Я проверяю силки, которые расставил, радуясь возможности отвлечься. Рискованная вылазка к железной дороге намечена на завтрашнее раннее утро. Я не кривил душой ни когда предложил Колтонам свой план, ни когда отстаивал его, утверждая, что лучше не придумаешь. Но это не значит, что будет просто, и ожидание меня изводит. В силки попались два зайца, но я по-прежнему нервничаю, когда иду обратно.

Вон ведром набирает воду из пруда. Она выпрямляется и машет мне, заслоняя другой рукой глаза от солнца, и улыбается. Я чувствую, что мой желудок скрутило, как выжатое кухонное полотенце, и ныряю в дом, даже не помахав в ответ.



* * *

За обедом Колтоны и Вон атакуют меня вопросами, притворяясь Боссом, а я должен отвечать как можно быстрее и убедительнее. Толку от этого мало, они заставляют меня слишком много об этом думать, а я не хочу ничего репетировать. Завтра я должен выглядеть убежденным и искренним, абсолютно уверенным в себе. Я рано ложусь спать, хоть они и протестуют, и решительно закрываю за собой дверь спальни.

Я не слышу, как позже входит Вон, а когда просыпаюсь за час до рассвета, она еще спит.

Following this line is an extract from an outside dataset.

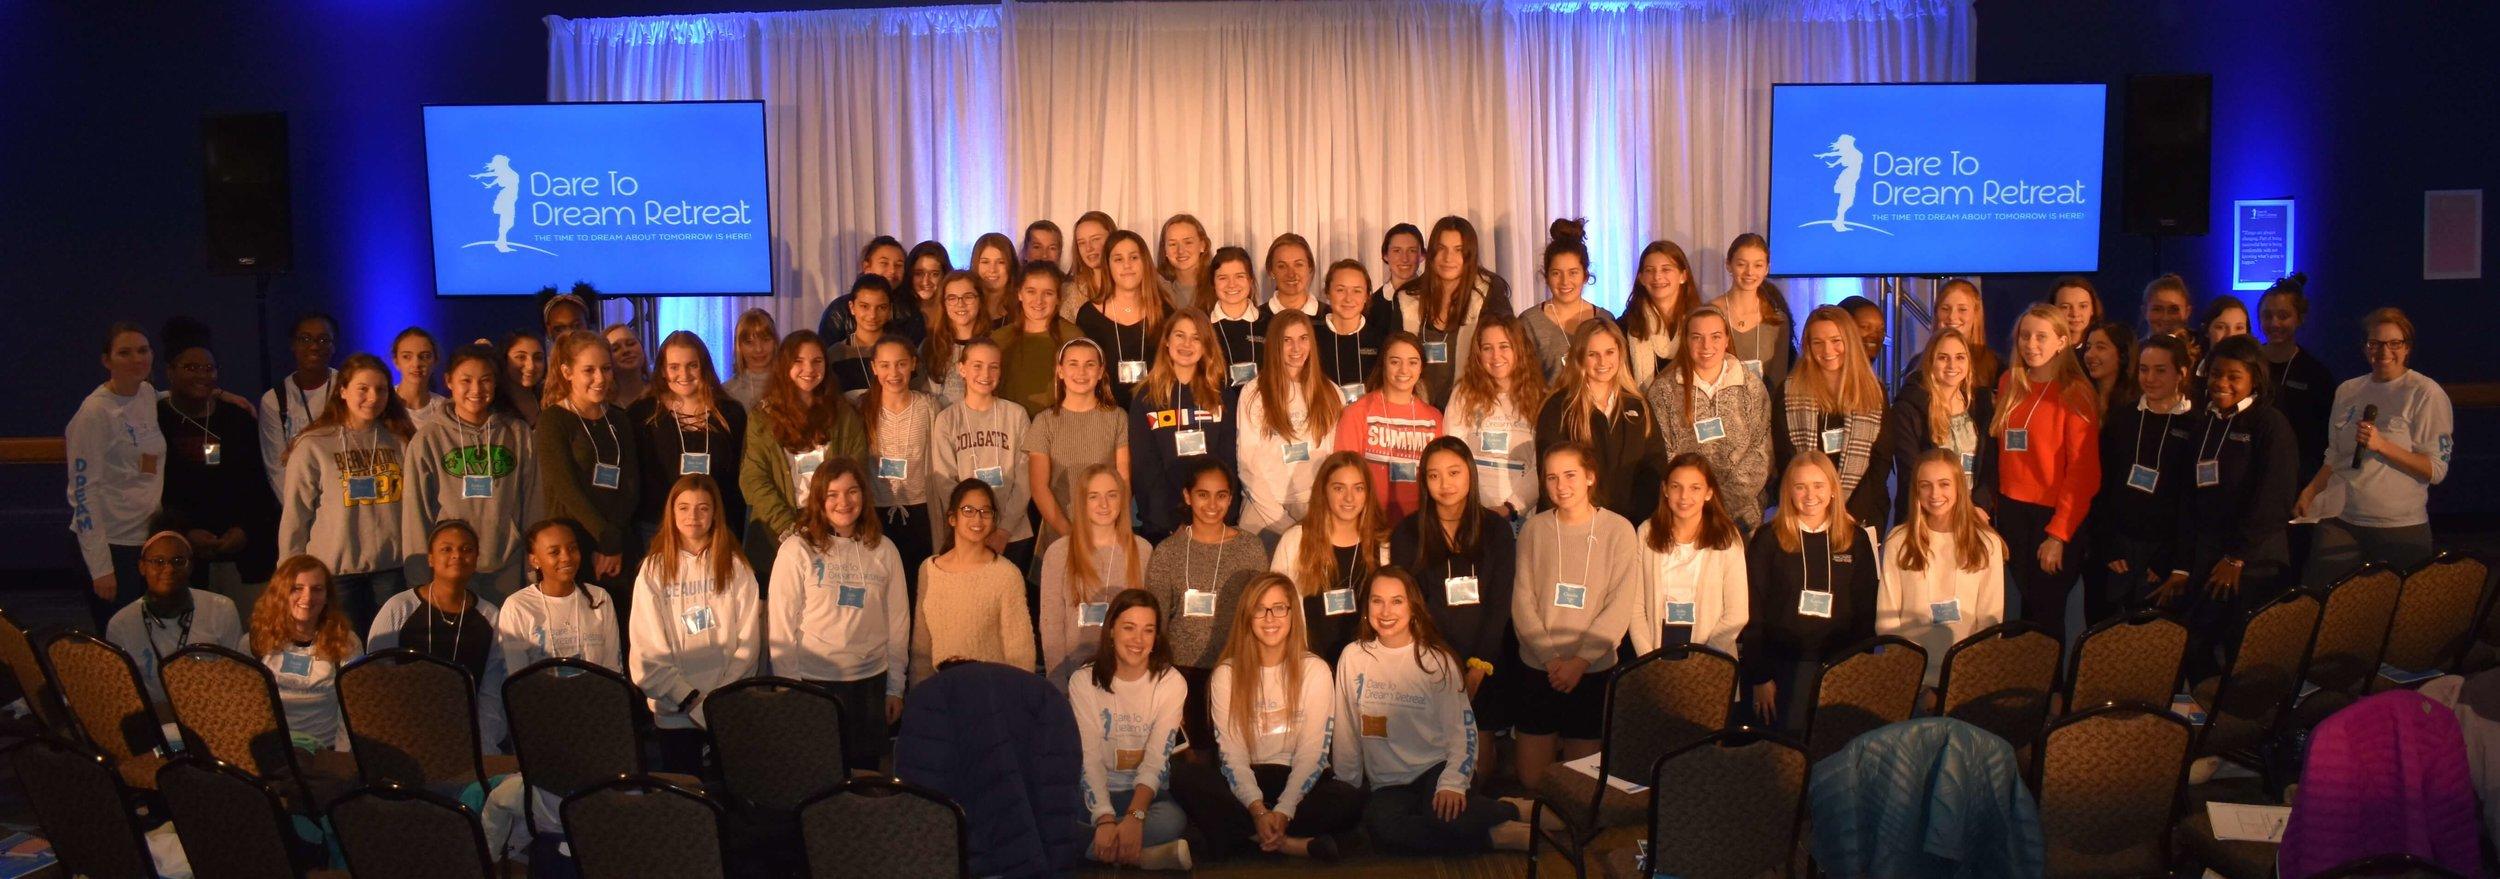 Group Photo (1) (1).jpg

Я пробираюсь в конюшню и седлаю Сильвер, соловую лошадь Кэти, ту самую, что чуть не откусила мне пальцы в день нашего прибытия сюда. Кэти говорит, что животина станет послушной под седлом. Я подтягиваю подпругу и сажусь верхом.

Утро выдалось холодным. В небе висят тяжелые тучи, того и гляди пойдет снег, колючий ветер дует мне в спину. Я поднимаю ворот куртки. На высокой сосне пугающе ухает филин, когда я проезжаю мимо.

Солнце выглядывает из-за горизонта, когда самые высокие горы остаются позади. Я осматриваю долину — никаких следов человека. Это радует. Не хочу, чтобы кто-то мог выследить, откуда я спустился к путям, еще до того, когда объявится Босс, если он объявится.

«Я еду, не сомневайся! — звучит у меня в ушах его голос. — Неужто ты правда надеялся, что я тебя отпущу?»

Я беспокойно оглядываюсь. Давненько, с самого Прескотта я не слышал Босса, и его возвращение меня совсем не радует. Я пришпориваю Сильвер и мчусь в долину. Мы движемся на хорошей скорости и до самого Бангартса не встречаем ни одной живой души. Я не стремлюсь в центр городка, опасаясь нарваться на тех, кто узнает меня и предупредит власти, а езжу по окрестностям. Завтракаю на ходу: жую кусок вяленого мяса, которое положил в седельную сумку Сильвер, и запиваю его водой.

Может, они так и не появятся.

Возможно, слухи о происшествии с Вон и охотником за головами так и не дошли до них.

Я смотрю на солнце, которое стоит уже высоко. Если банды здесь нет, мне надо пошевеливаться. Мне вовсе не улыбается искать дорогу обратно к Колтонам ночью в кромешной тьме.

Схватив поводья, я разворачиваю Сильвер обратно, и мы снова мчимся во весь опор.

Примерно в миле или двух от города у меня возникает неприятное чувство, что за мной наблюдают.

Впереди, насколько хватает глаз, белеет под зимним солнцем плоская равнина, словно посыпанная пеплом. На ней близ путей виднеется единственное черное пятнышко, оно движется. Это всадник. Волосы у меня на затылке встают дыбом. Я оглядываюсь, и сердце чуть не уходит в пятки — еще трое всадников появились в полумиле позади меня, слишком далеко для того, чтобы можно было разобрать, кто это, но один из них поднимает руку и свистит, и становится ясно, что окружают меня отнюдь не представители закона. Это они — «Всадники розы». Может, они сидели в Бангартсе, пытаясь разузнать что-нибудь обо мне, или стояли лагерем в прерии. Это неважно, ведь они меня нашли, и, хотя именно на это я надеялся, даже рассчитывал, этот свист все равно вызывает страх.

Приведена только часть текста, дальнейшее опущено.